Родня покойного, затаив дыхание, наблюдала. Уверенные в том, что затея упрямой вдовицы обречена на провал, они даже перестали злословить. И сами не замечали, как настороженное внимание подстегивало Модесту.
Фаянсовая посуда? О нет, Модеста точно знала, что именно будет производить. Диковину, виденную в Аглиции и произведшую на юную купчиху куда большее впечатление, нежели всем известная башня с часами. Да и то, что, она дома башен не видала? В каждом более-менее приличном городишке по собственной башне имеется. Вот унитаз — дело иное… за унитазом будущее. Светлое. Фаянсовое.
Видимо, упорство вдовы пришлось по душе Вотану-дарителю, а может, Иржена-заступница, оскорбленная княжим выпадом — все ж таки хоть богиня, а тоже женщина — одарила милостью, но дело пошло. Модеста изловчилась и открыла на Королевской улице лавку, гордо поименованную «Фаянсовый друг», у входа в которую поставила два унитаза, правда, дабы окрестный люд, лишенный всяческого понимания и чувства прекрасного, не пользовал упомянутых друзей по прямому их назначению, посадила в унитазы эльфийские шпиры. И колючие, бледно-золотистые елочки, славящиеся капризным норовом, принялись.
…не прошло и двух лет, как Модеста расширилась. Помимо унитазов, каковые выпускали аж в четырех вариациях — для прислуги, для гостевых комнат и для мужских и дамских нужд, последние украшались птичками и розанами — ее заводик освоил и горшки для шпиров, и фаянсовые, расписные рукомойники, мыльницы и массивные емкости для шампуней… Модеста прикупила фабрику, что выпускала глазурованную плитку…

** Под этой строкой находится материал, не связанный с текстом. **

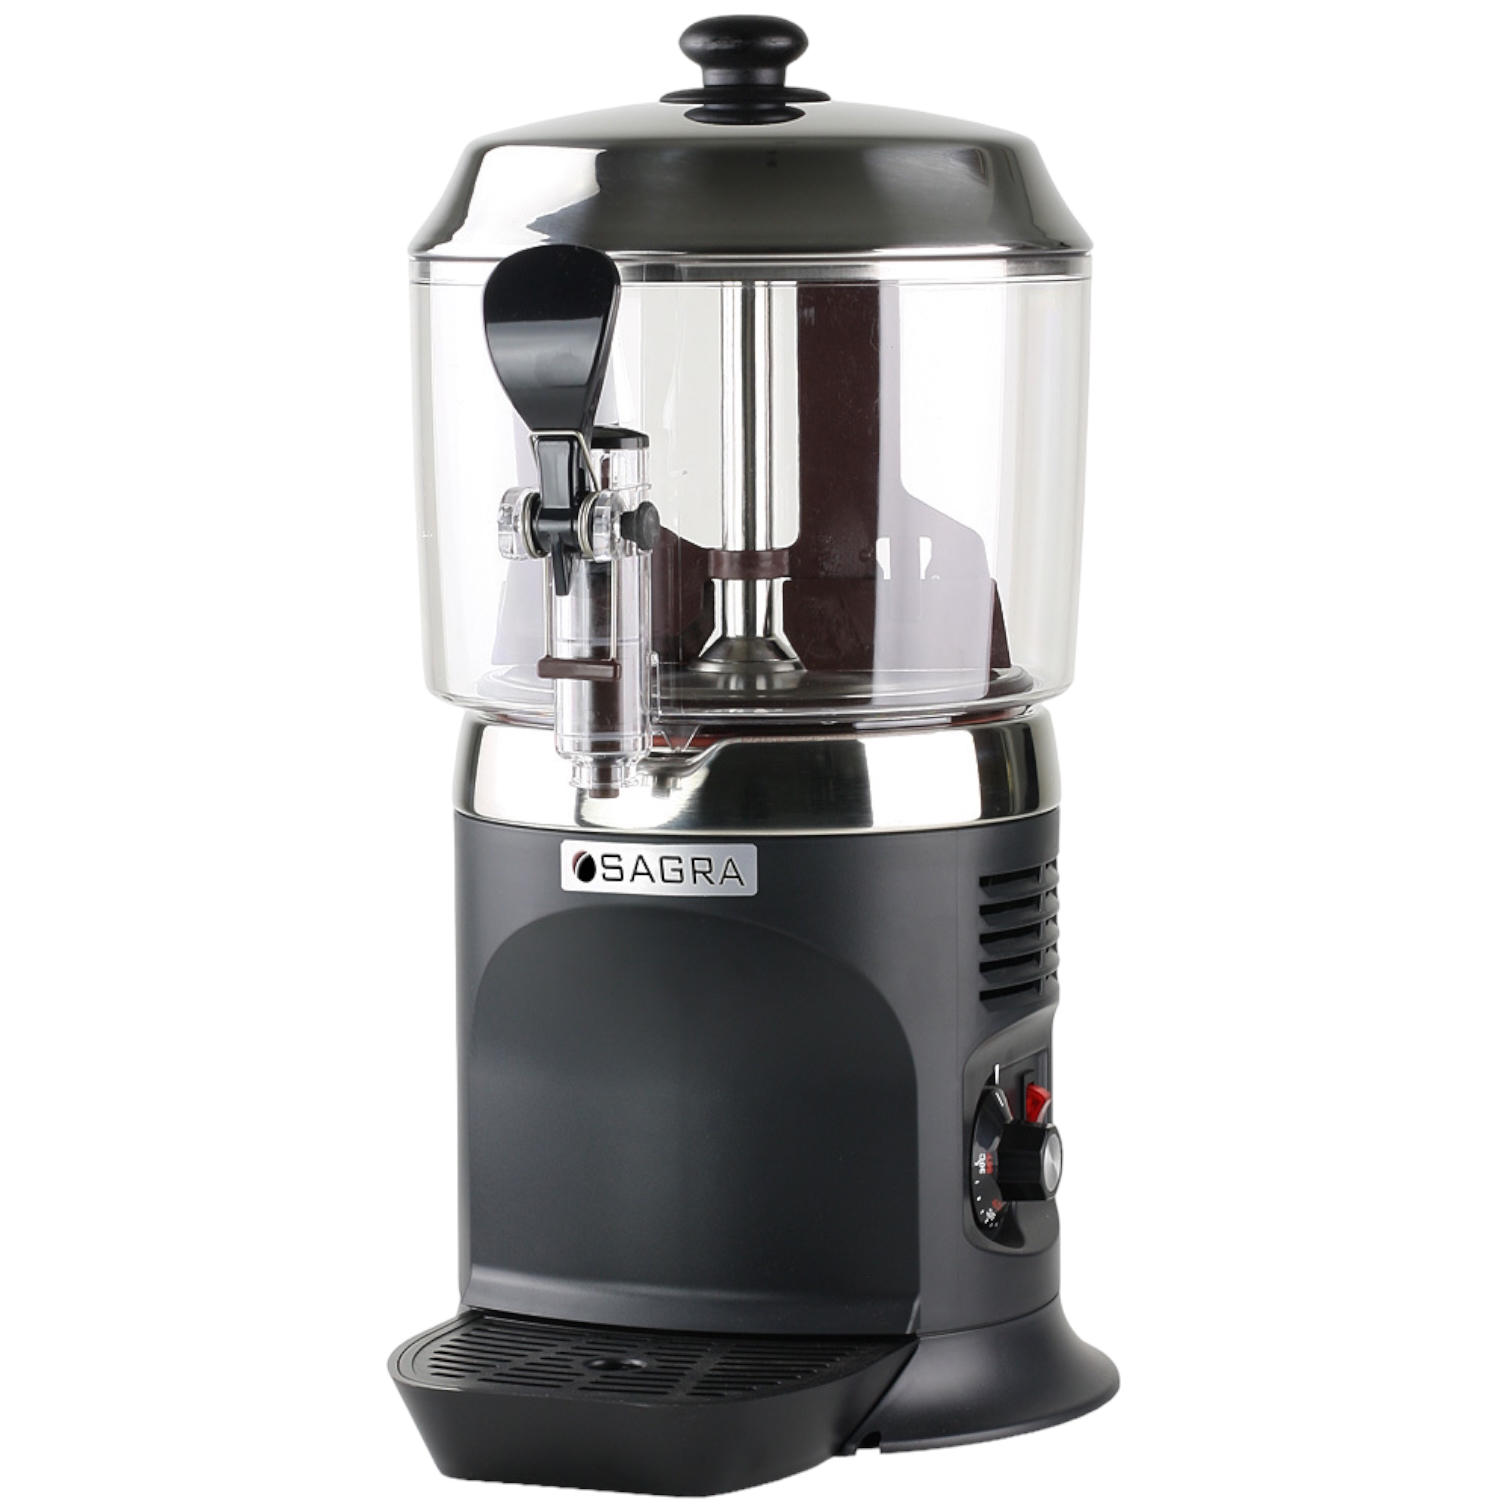 https://www.sweetfountains.com/wp-content/uploads/2020/08/Commercial-Chocolate-Dispenser-Black-w-stainless-top.jpg

…а заодно и почти разорившуюся солеварню. Последнюю — исключительно из упрямства.
Она полюбила бархаты и меха, каковые носила даже летом, пусть бы и полагали сие дурновкусием, но Модеста пребывала в счастливой уверенности, что богатство свое надо демонстрировать, иначе откуда люди узнают, что к ней, многоуважаемой Модесте Архиповне, надлежит относиться с почтением?
К двадцати семи годам она вернула себе все имущество покойного супруга, каковое почитала своим, завела лысую собачку, точь-в-точь как у княгини, и мужа-эльфа. Последним Модеста Архиповна особенно гордилась и, надо сказать, Лютиниэля-эль-Акхари, которого именовала ласково, Лютиком, любила вполне искренне. Он же, так и не освоившийся в чужой стране, к супруге относился с трепетной нежностью.
— Моя валькирия, — говорил Лютиниэль, целуя унизанные перстнями пальцы Модесты Архиповны. И та, пусть и не зная, кто есть эти валькирии, млела, румянилась и по-девичьи вздыхала.
Впрочем, любовь ее никоим образом не повлияла на деловую хватку, и до последних дней беременности, которая в отличие от первой протекала легко, не изматывая женщину дурнотой и слабостью, Модеста занималась делами.
Впрочем, любовь ее никоим образом не повлияла на деловую хватку, и до последних дней беременности, которая в отличие от первой протекала легко, не изматывая женщину дурнотой и слабостью, Модеста занималась делами.
…имущества прибывало. То конопляный заводик подвернется, то мануфактурка какая захиревшая, то вовсе угольная шахта… одно к одному, к тридцати Модеста Архиповна первый миллион заработала, но не сказать, чтобы сильно тому радовалась. Хозяйство-то большое, и за всем глаз и глаз нужен.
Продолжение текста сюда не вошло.